This may be more of a physics question than a support one, but I appreciate whatever info is offered.
Since the discrete transistors are hundreds (thousands?) of times larger than the tiny transistors that are etched (printed?) in silicon on an IC, shouldn't the kit versions of these circuits be able to handle vastly more current than the IC ones? After all, a through-hole resistor can handle more current than a surface mount one. Power dissipation in resistors seems to correlate closely with physical size, and I believe that's true for capacitors, inductors, and diodes? But as far as I can tell, these kits have similar current ratings to the classic ICs they're modeled after. I'm sure that's intentional, but I'm curious if its relatively easy to modify these kits so they can handle much more current. For example, if I replaced the 3904 & 3906s with 2222 and 2907 transistors would the 555 and 741 now handle 800ma? For that matter, would using ZTX968s & 1049s let it handle 4 amps (assuming the resistors and PCB traces were large enough)?
Those three transistor families all come in TO-92 packages, so I guess I'm also don't understand why they have such different capabilities either.

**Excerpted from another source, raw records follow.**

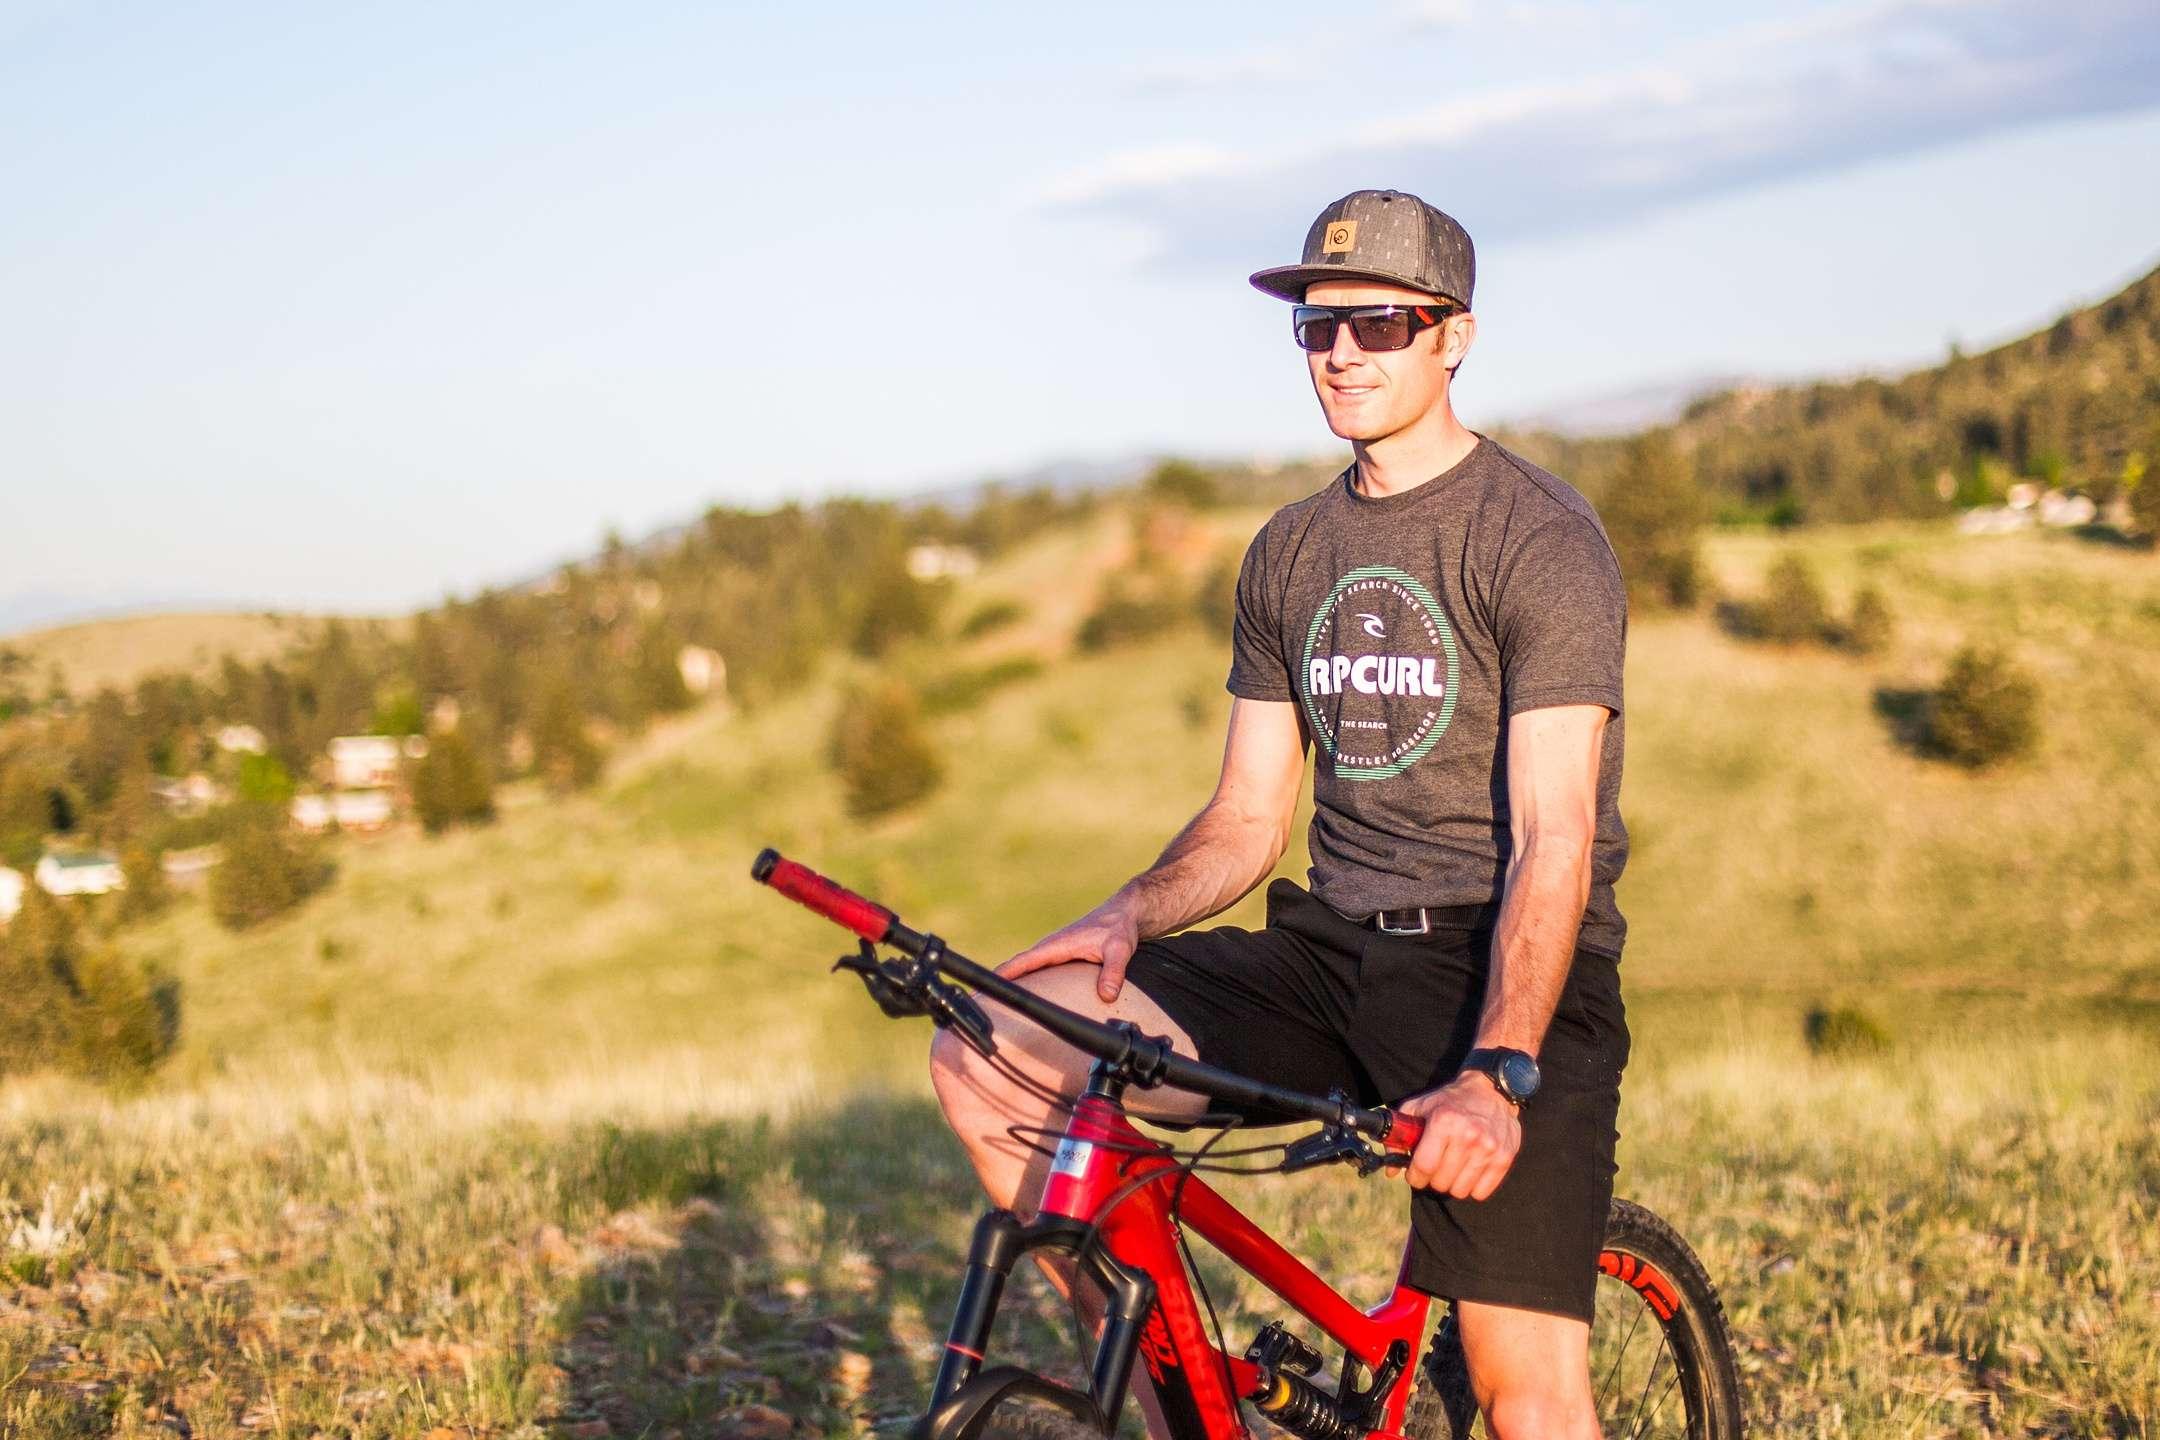 Daniel Barry, Owner of Grand Ridge Cyclery
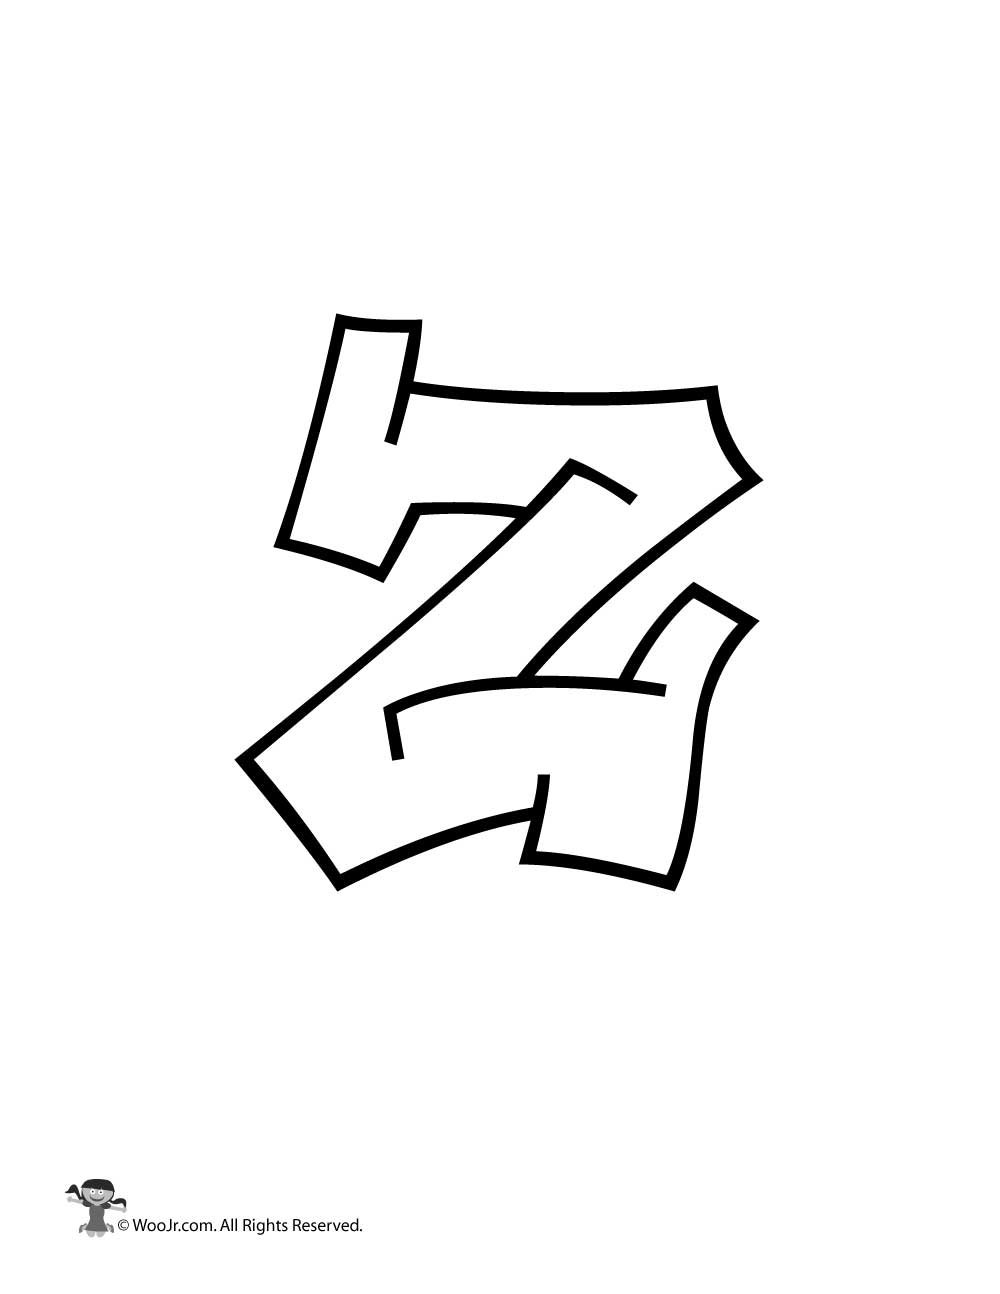 Graffiti lowercase letter z woo jr kids activities
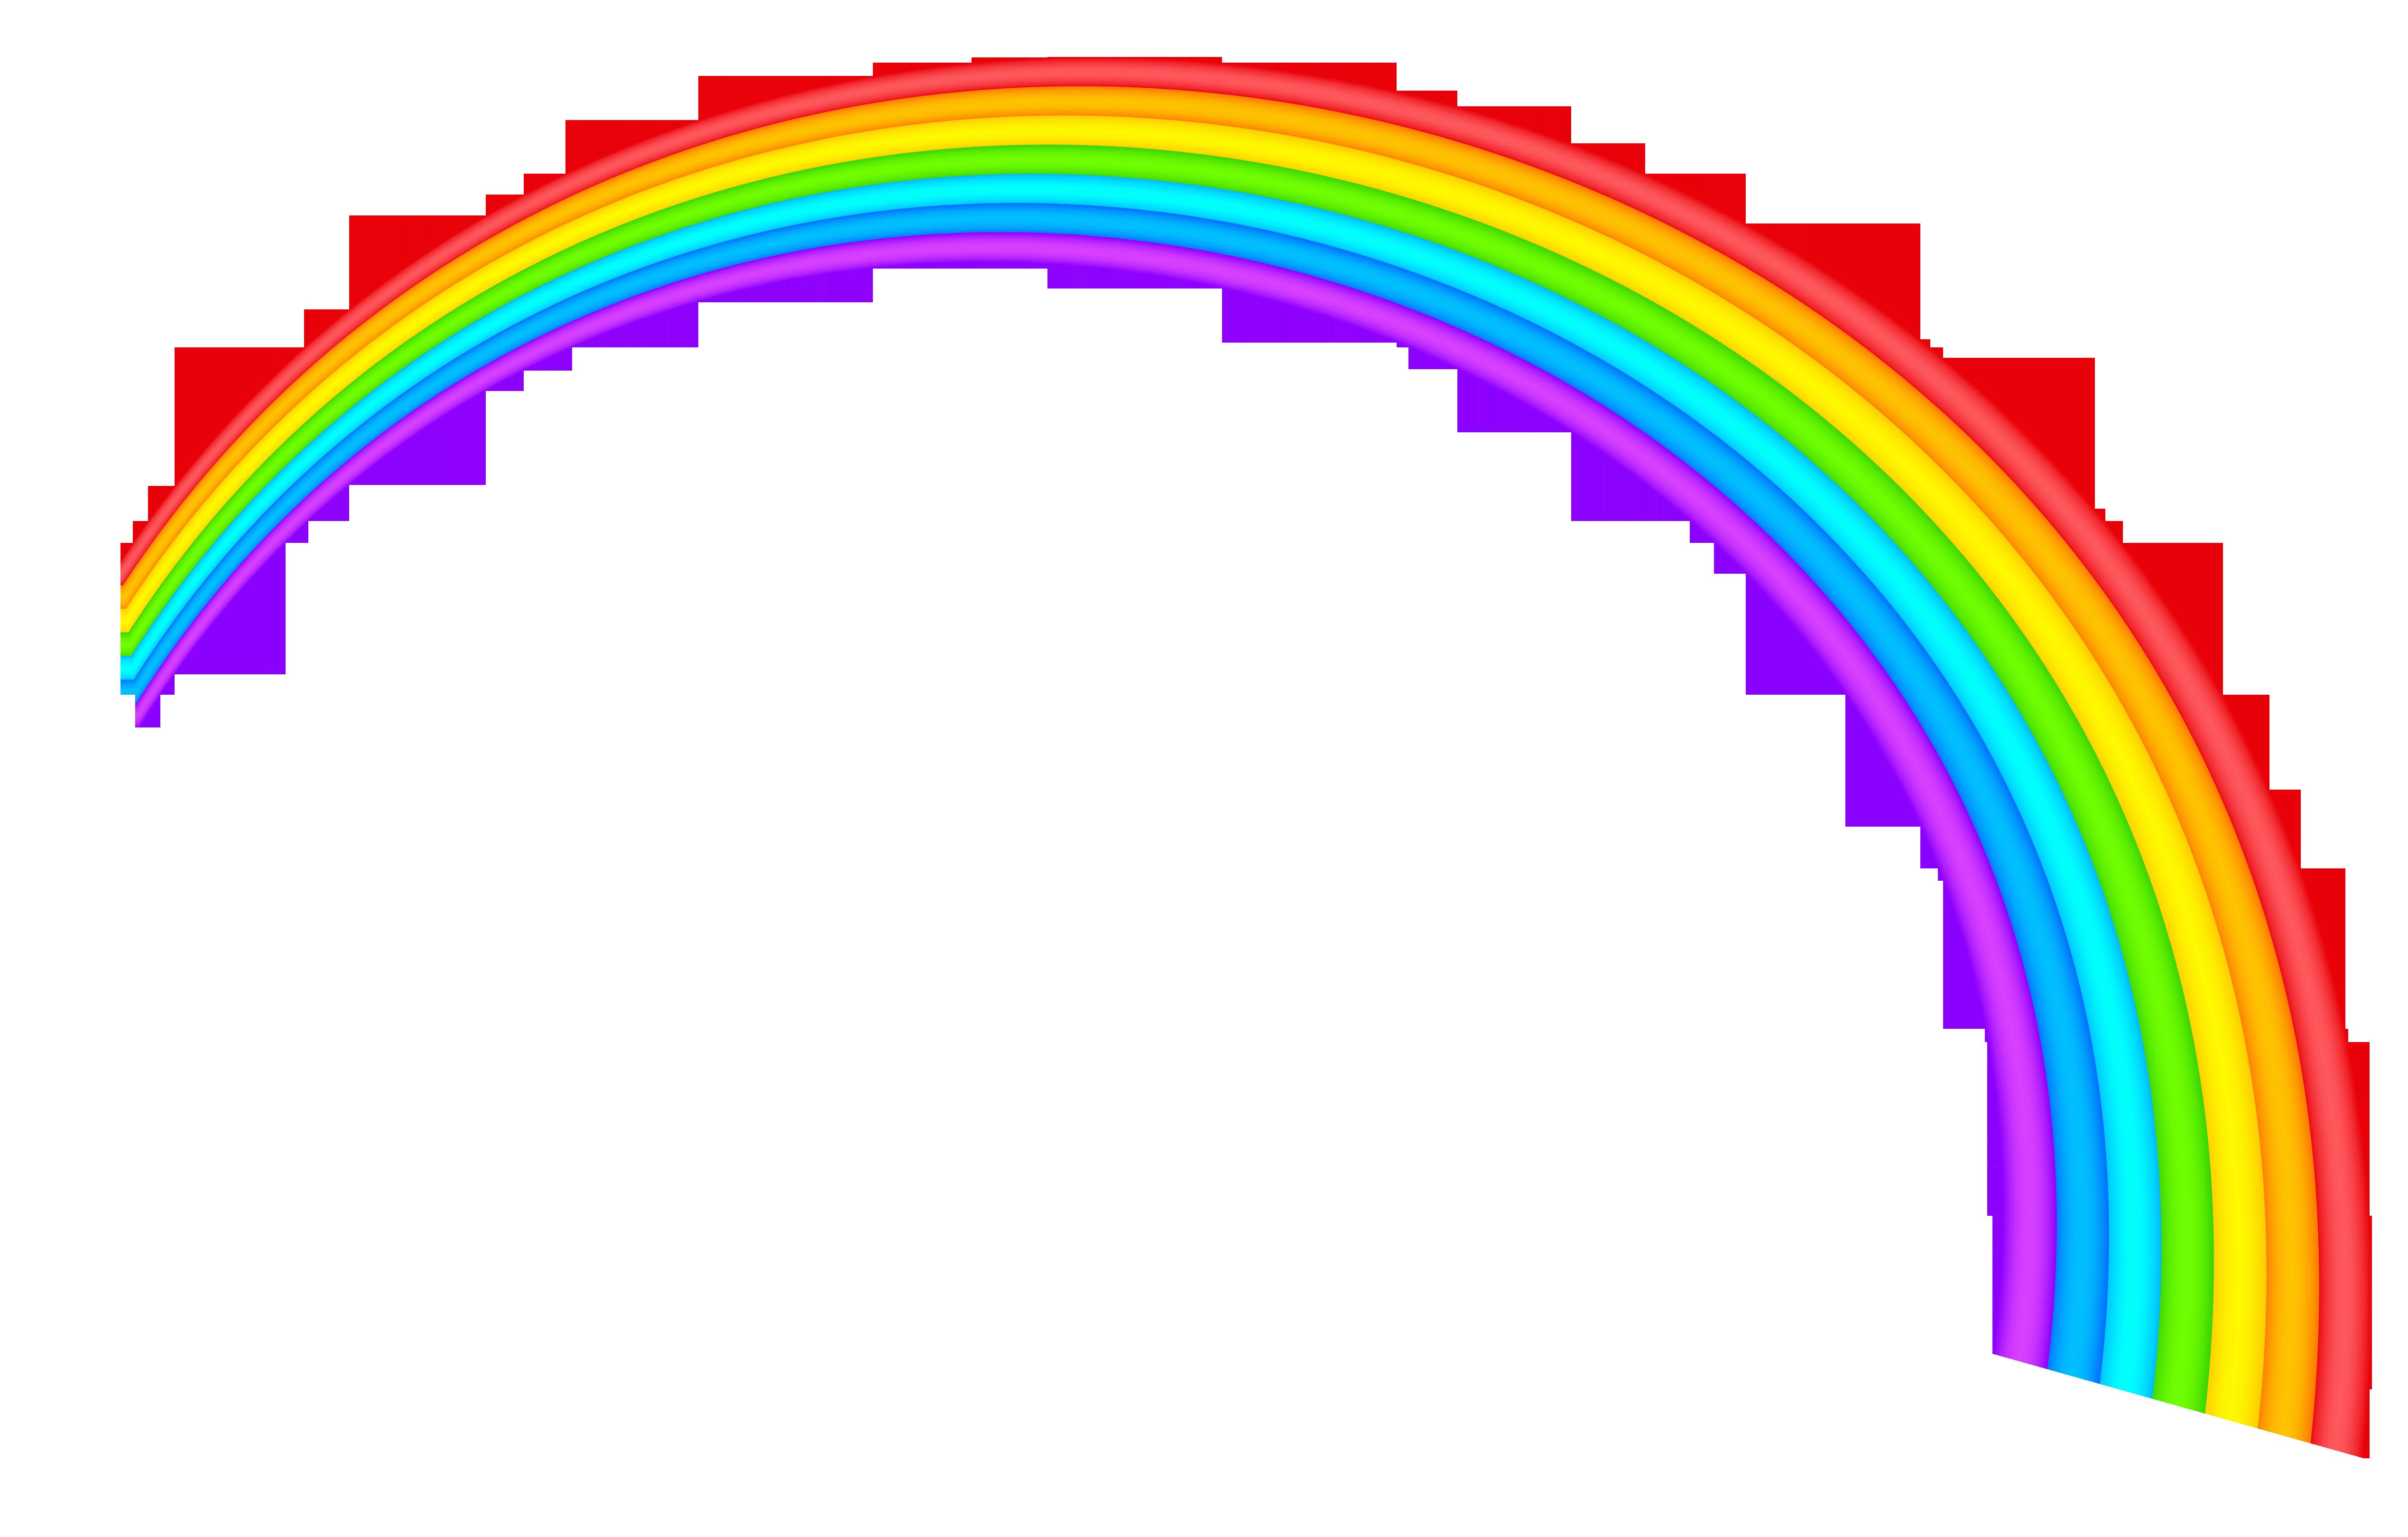 5076x3239 Rainbow Transparent Clipart Pictureu200b Gallery Yopriceville

Is the size of the PN and NP junctions in the ZTX968 16 times larger than in the 3904? I know that most higher power transistors come in physically larger packages (TO-220 etc), but is that just to allow a larger heat sink surface area, or are the silicon boundaries physically larger? And for the ones that do come in the same package size, is there an advantage to the lower ones other than cost? Is it cheaper to make a 3904 than a 2222, or can the 3904 switch faster because it's smaller?
I know that's a lot of questions for one post and that this isn't an electronics classroom. But again, I appreciate any insight.